PROBLEM DESCRIPTION:
Please, in the data that follows, copy exactly the lines from the line with "CN 타워, 캐나다, 토론토, 푸른 하늘의 무료 스톡 사진" through the last one, both included. Do not include pictures.

SOURCE DATA:
************
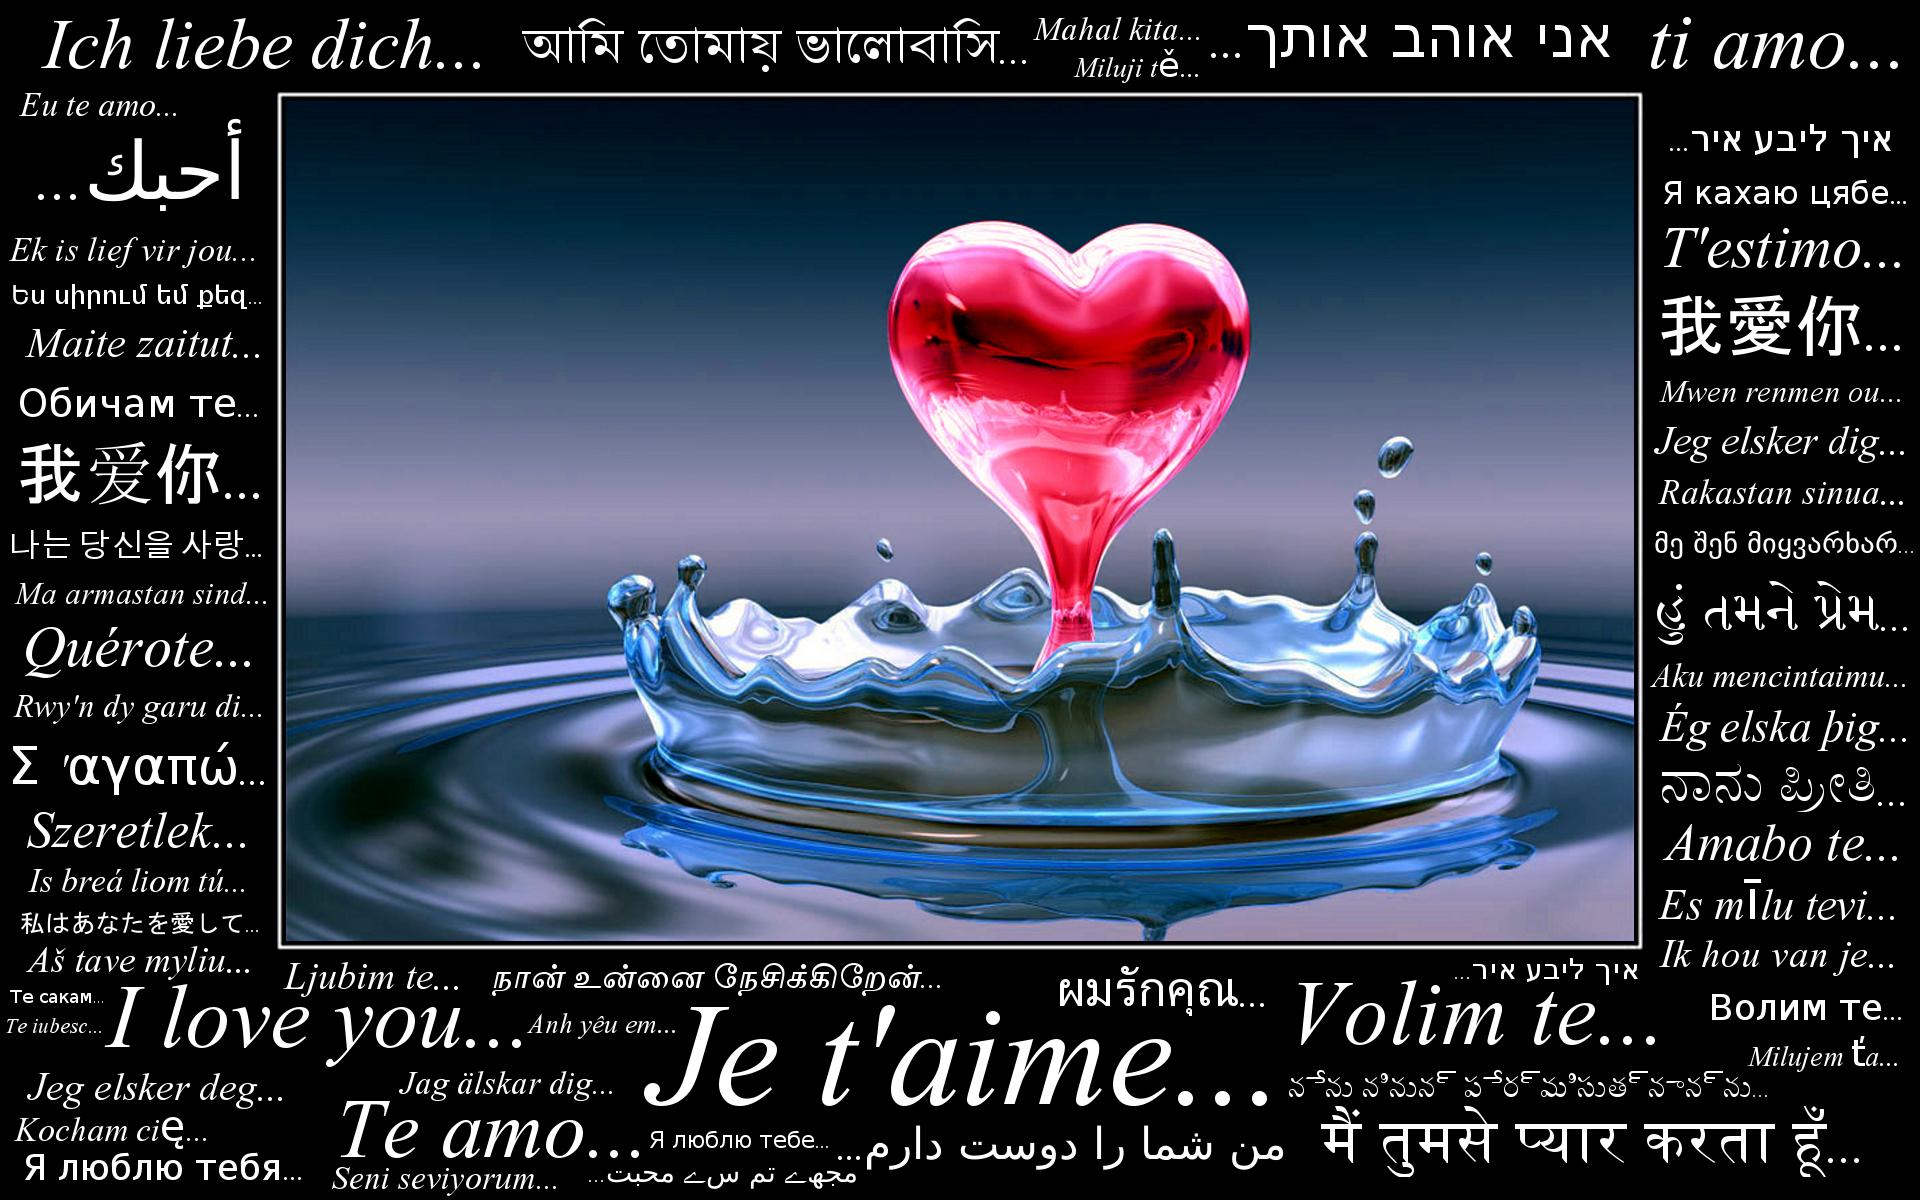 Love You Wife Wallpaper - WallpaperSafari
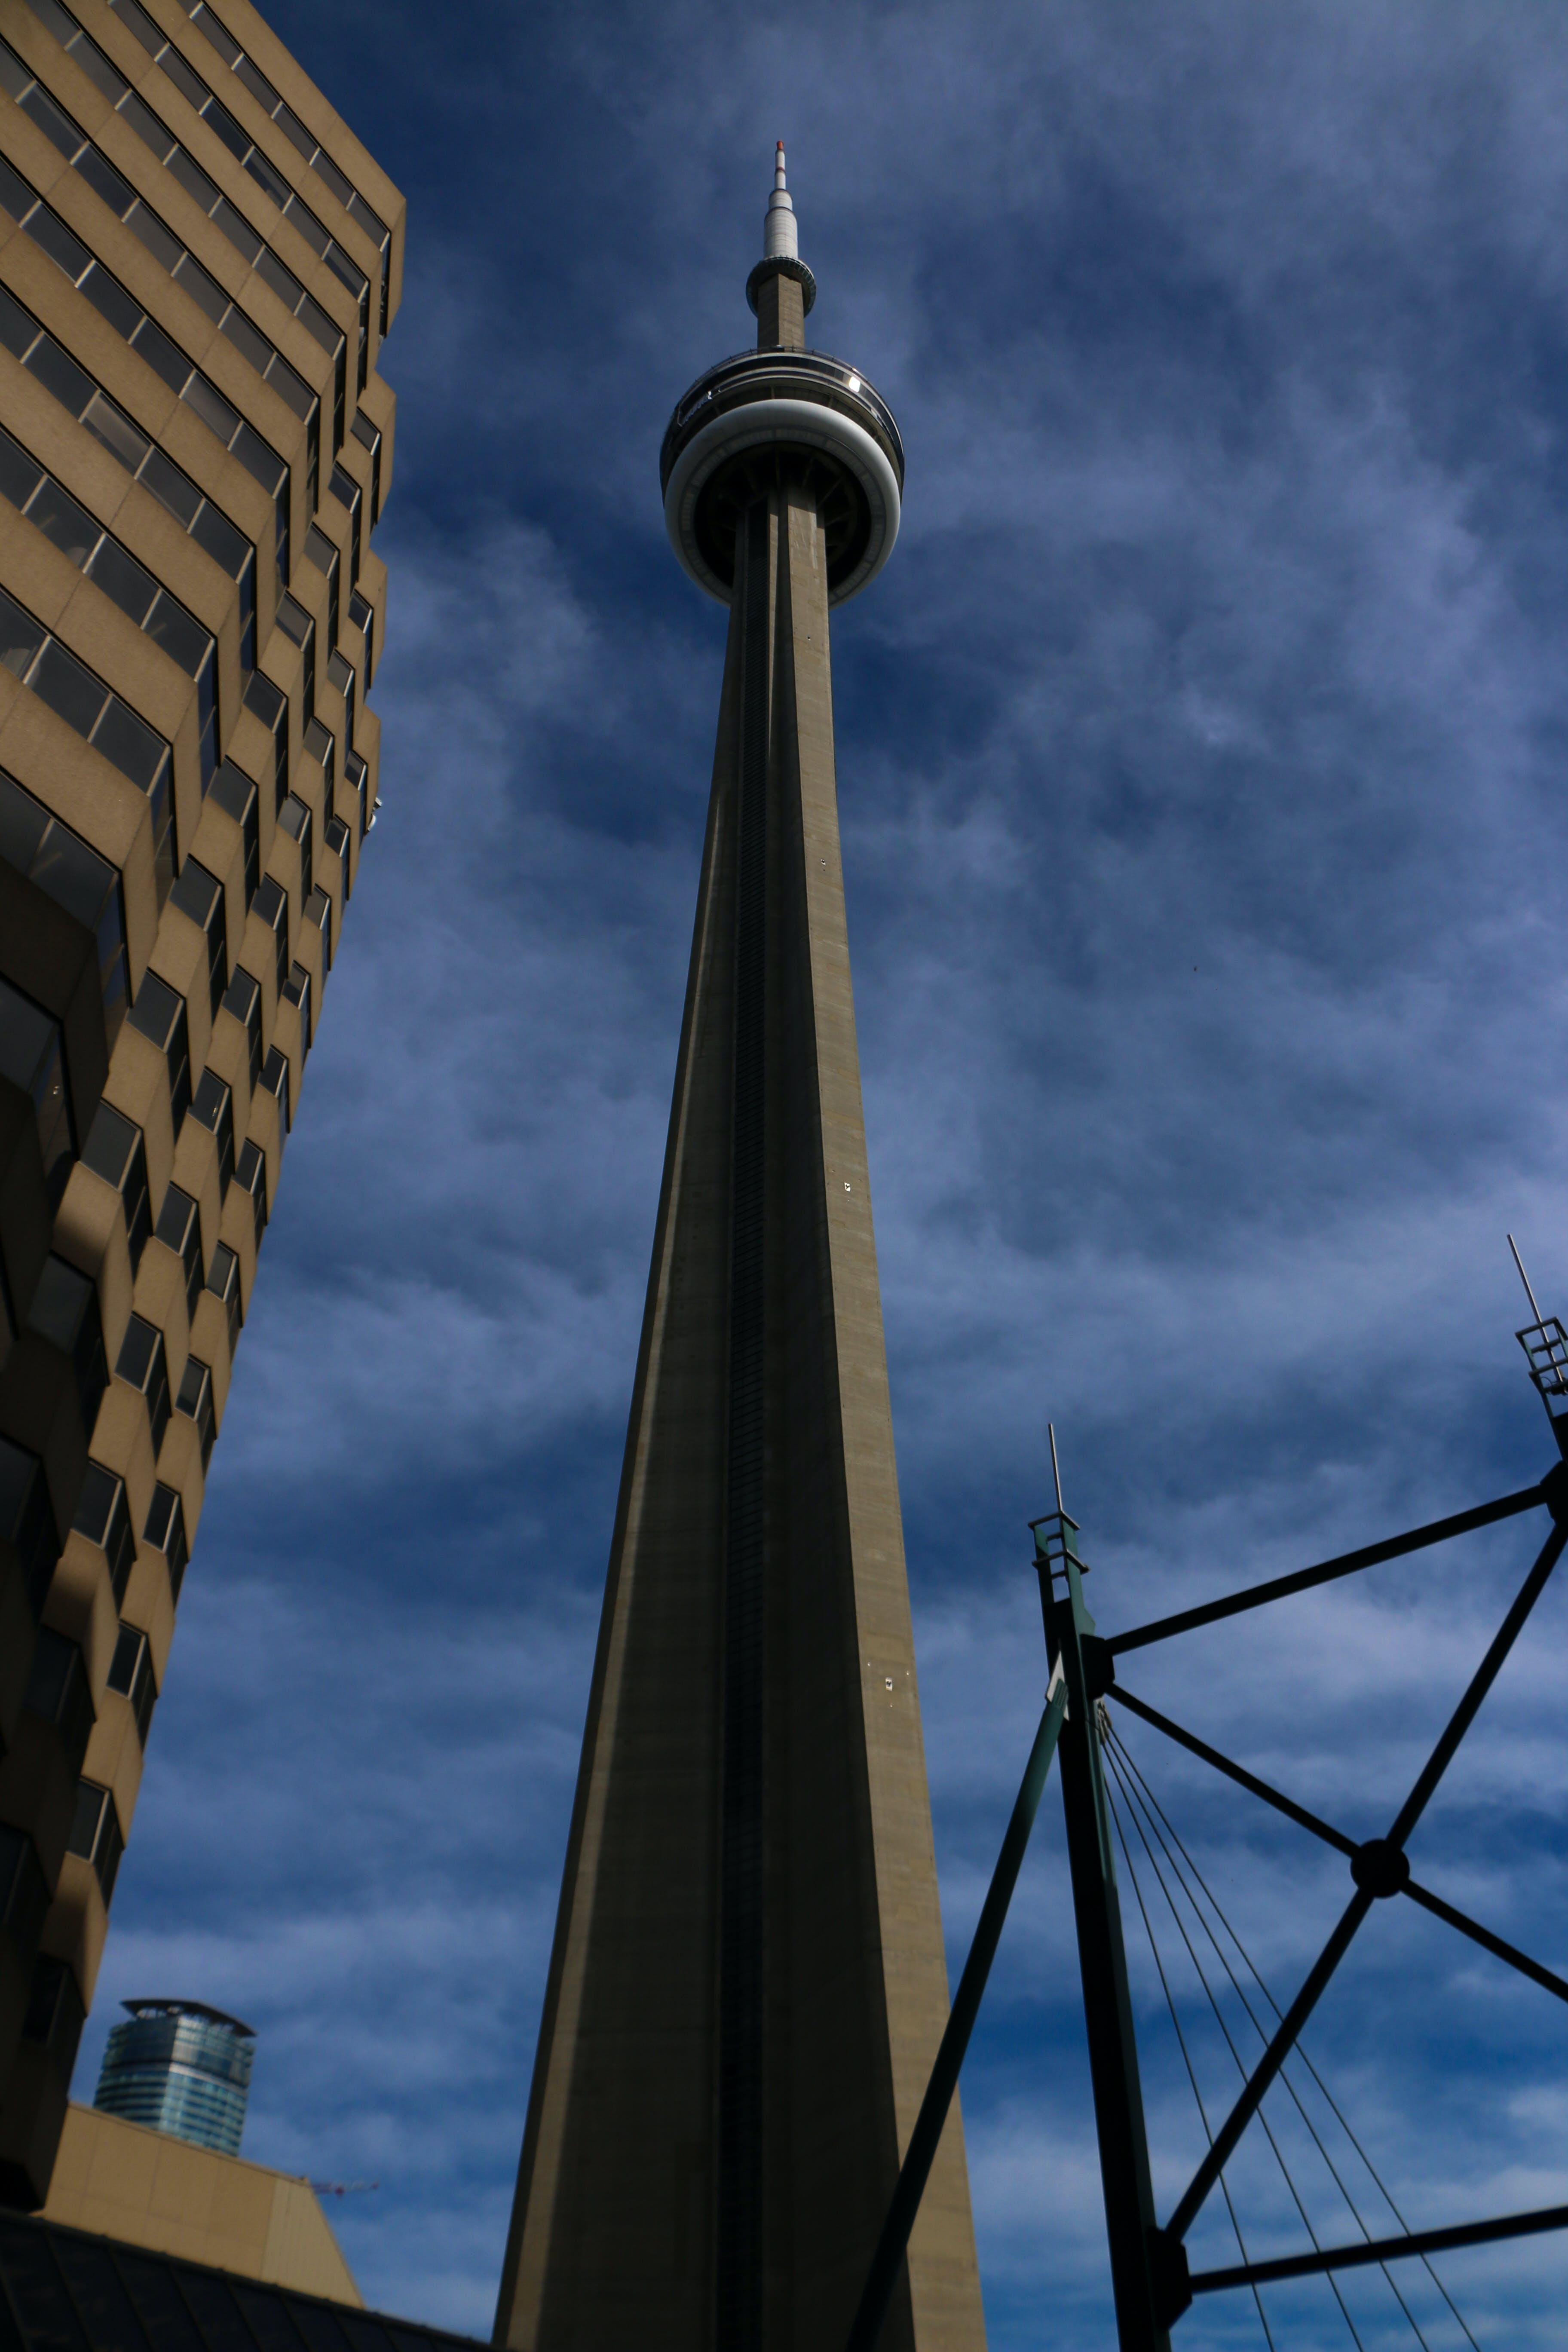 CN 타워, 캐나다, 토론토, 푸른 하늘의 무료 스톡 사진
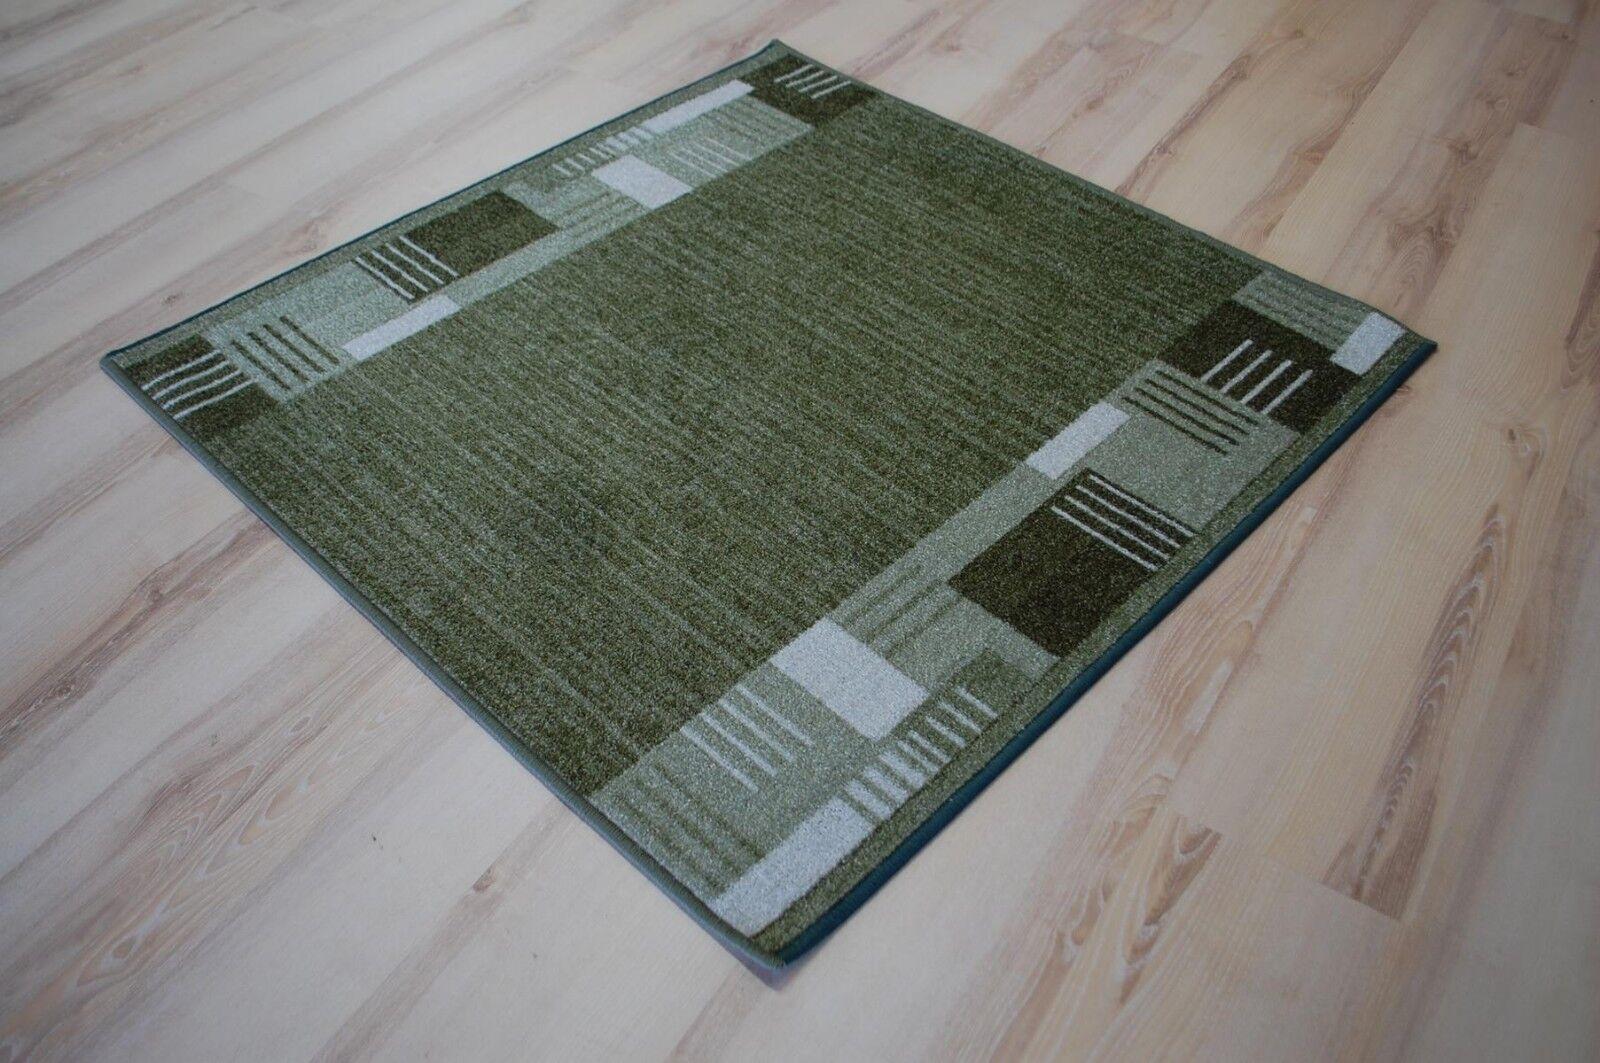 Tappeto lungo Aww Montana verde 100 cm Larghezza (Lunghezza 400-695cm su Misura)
************
WRITTEN REPLY:
 CN 타워, 캐나다, 토론토, 푸른 하늘의 무료 스톡 사진
 Tappeto lungo Aww Montana verde 100 cm Larghezza (Lunghezza 400-695cm su Misura)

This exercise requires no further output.